Tarif Interkoneksi Tak Tepat Picu Iklim Usaha Tidak Sehat

Kamis, 23 Juni 2016 - 18:58 WIB
Tarif Interkoneksi Tak Tepat Picu Iklim Usaha Tidak Sehat
Tarif Interkoneksi Tak Tepat Picu Iklim Usaha Tidak Sehat
A A A
JAKARTA - Kebijakan penurunan tarif interkoneksi yang tidak tepat dinilai bisa memicu praktik monopoli terutama di luar Pulau Jawa. Kondisi ini akan merugikan konsumen, sehingga perlu mendapat perhatian khusus dari Komisi Pengawas Persaingan Usaha (KPPU).

Penegasan tersebut disampaikan pengamat kebijakan publik Agus Pambagio terkait rencana pemerintah menurunkan tarif interkoneksi. Menurutnya, jika kebijakan pemerintah tidak tepat, monopoli di luar Pulau Jawa terjadi, maka yang paling dirugikan atas tindakan operator itu adalah konsumen.

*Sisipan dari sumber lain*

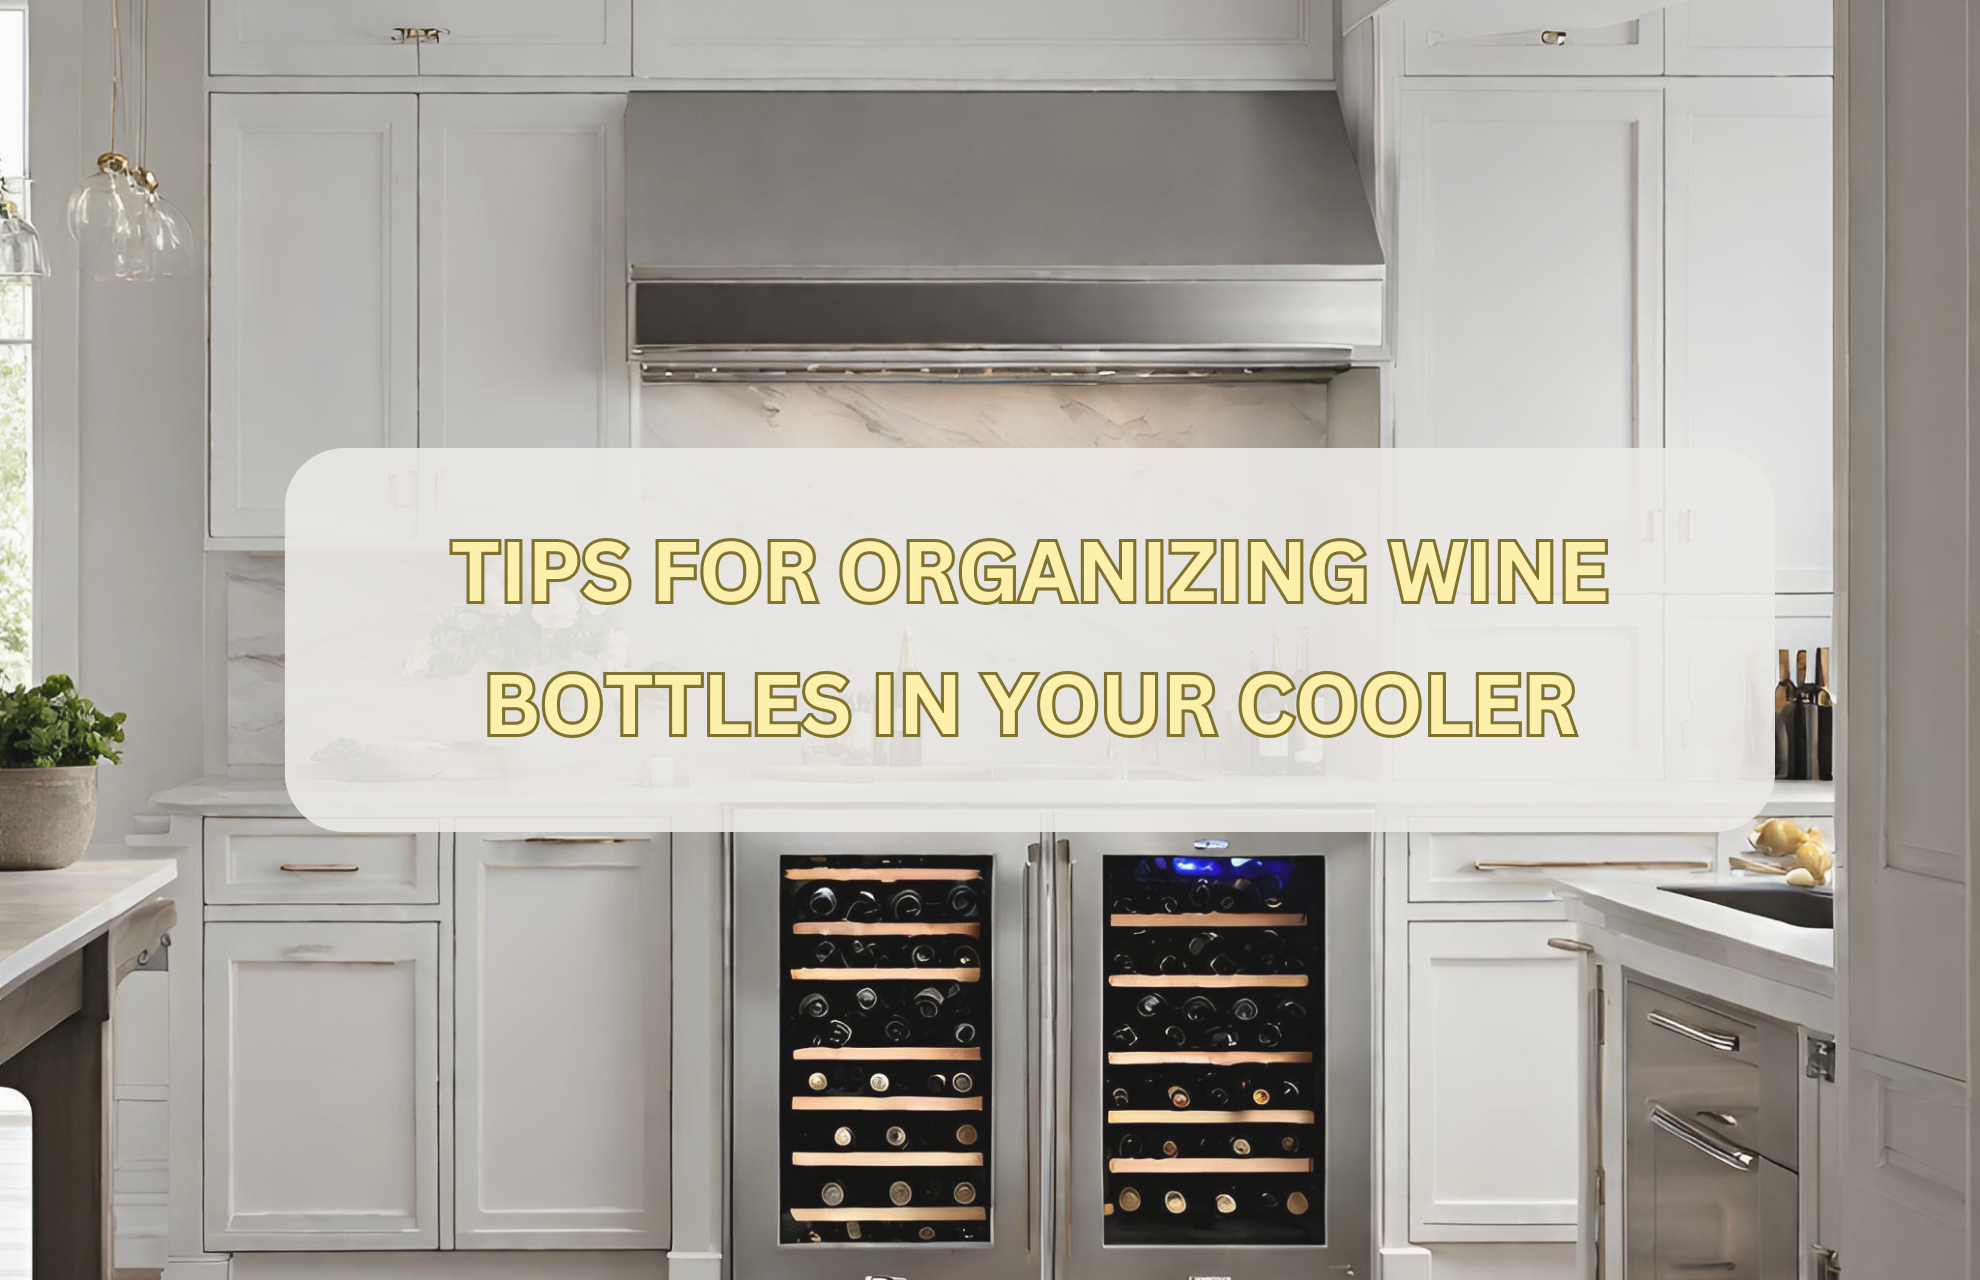 TIPS FOR ORGANIZING WINE BOTTLES IN YOUR COOLER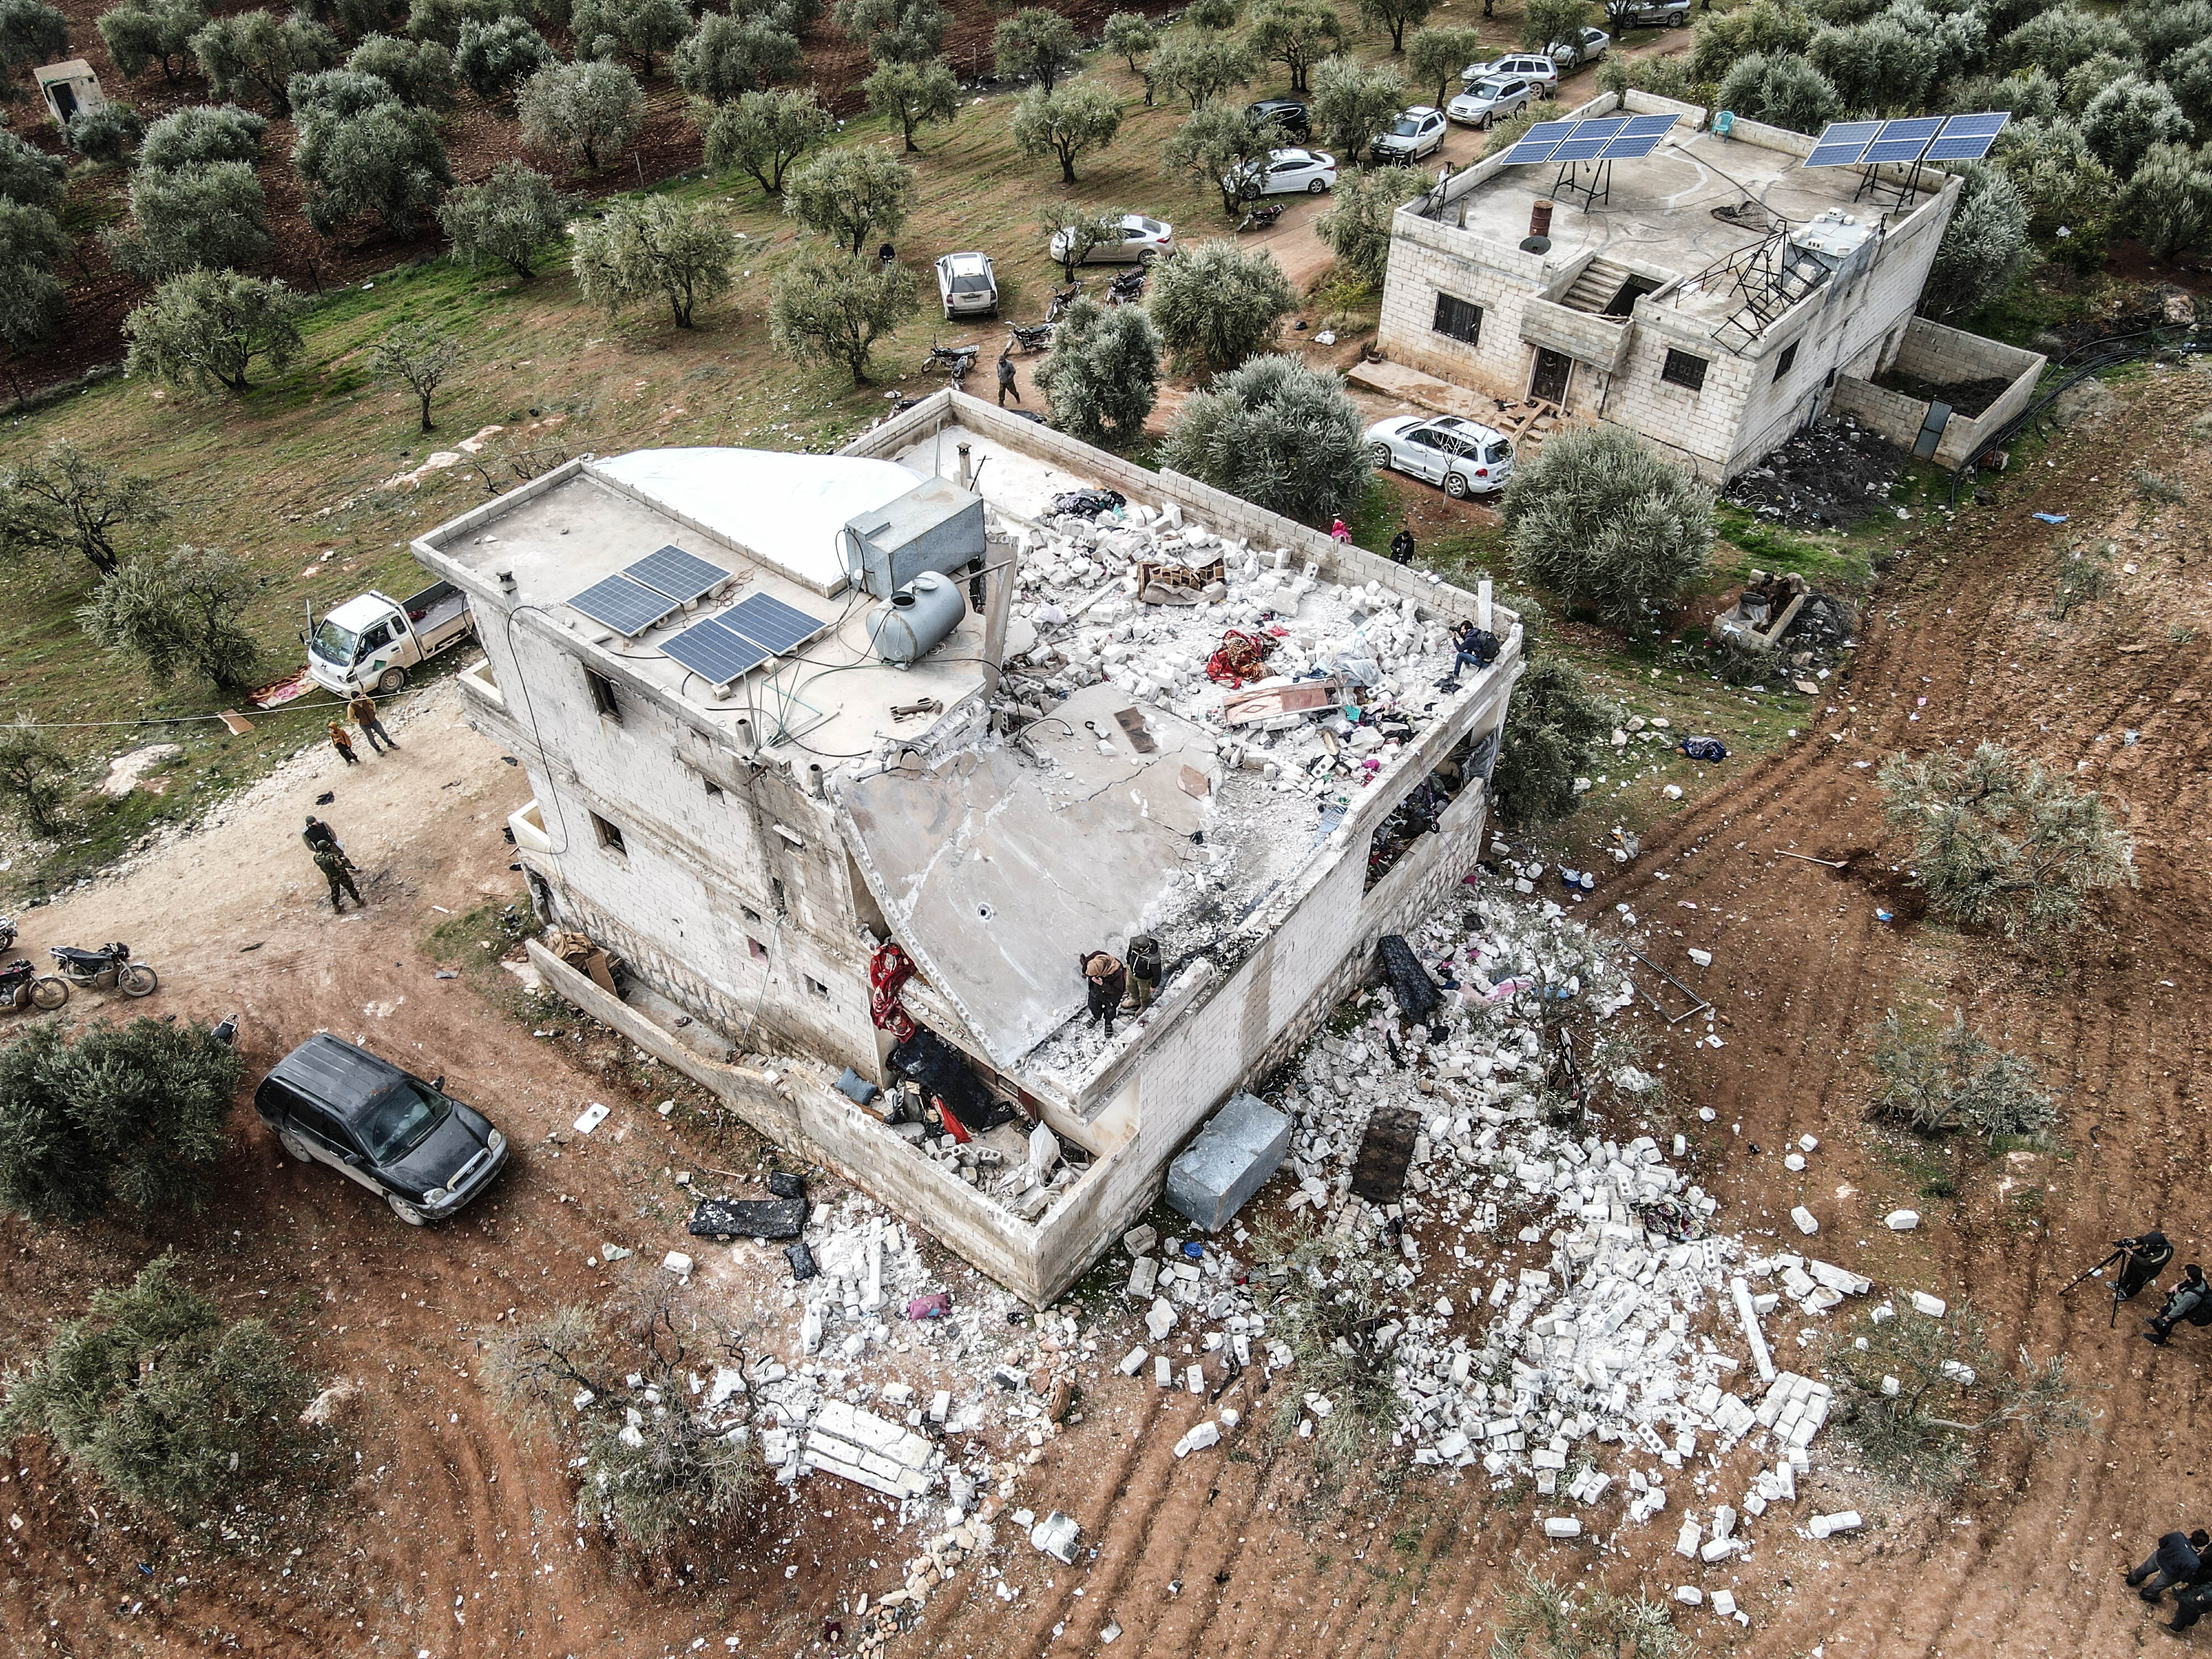 An aerial view of wreckage around the site after an operation carried out by US forces on February 3 in Idlib, Syria.

Memang, operator itu memiliki keunggulan jangkauan terluas di Tanah Air, dengan jaringan yang menumpang pada induk usahanya. Namun kondisi tersebut malah dimanfaatkan untuk mengeruk keuntungan tinggi dari masyarakat Indonesia. "KPPU harus buat fatwa karena betul konsumen tidak punya pilihan," ujarnya, Kamis (23/6).

Ada perbandingan harga yang menggambarkan betapa mahalnya tarif telepon Telkomsel. Misalnya di Papua, operator itu mengambil keuntungan berkali-kali lipat dibanding pesaingnya, Indosat Ooredoo. Rinciannya, pelanggan dikenai biaya Rp1.000/60 detik ketika menelpon sesama pelanggan Telkomsel.

Kondisi ini berbeda jauh dengan Indosat yang hanya mengganjar pelanggan dengan tarif Rp1/detik untuk menelpon sesama pengguna Indosat. Selain itu, di Pulau Jawa perbandingan harga antar dua operator telekomunikasi ini terlampau jauh. Indosat mematok harga Rp1.000/menit menelepon ke semua operator, sementara Telkomsel mengenakan Rp508-Rp1.435/30 detik dengan layanan serupa.

Banyak pihak menyingkirkan kenyataan ini dengan dalih nasionalisme, bahwa Telkomsel adalah perusahaan pelat merah. Namun dijelaskan Agus, penilaian ini tak didasari penyelidikan lebih jauh.

Pasalnya, ada saham di perusahaan itu yang dimiliki pemodal asing. "Kalau soal nasionalisme, Telkomsel 30% lebih juga ada asingnya," kata dia.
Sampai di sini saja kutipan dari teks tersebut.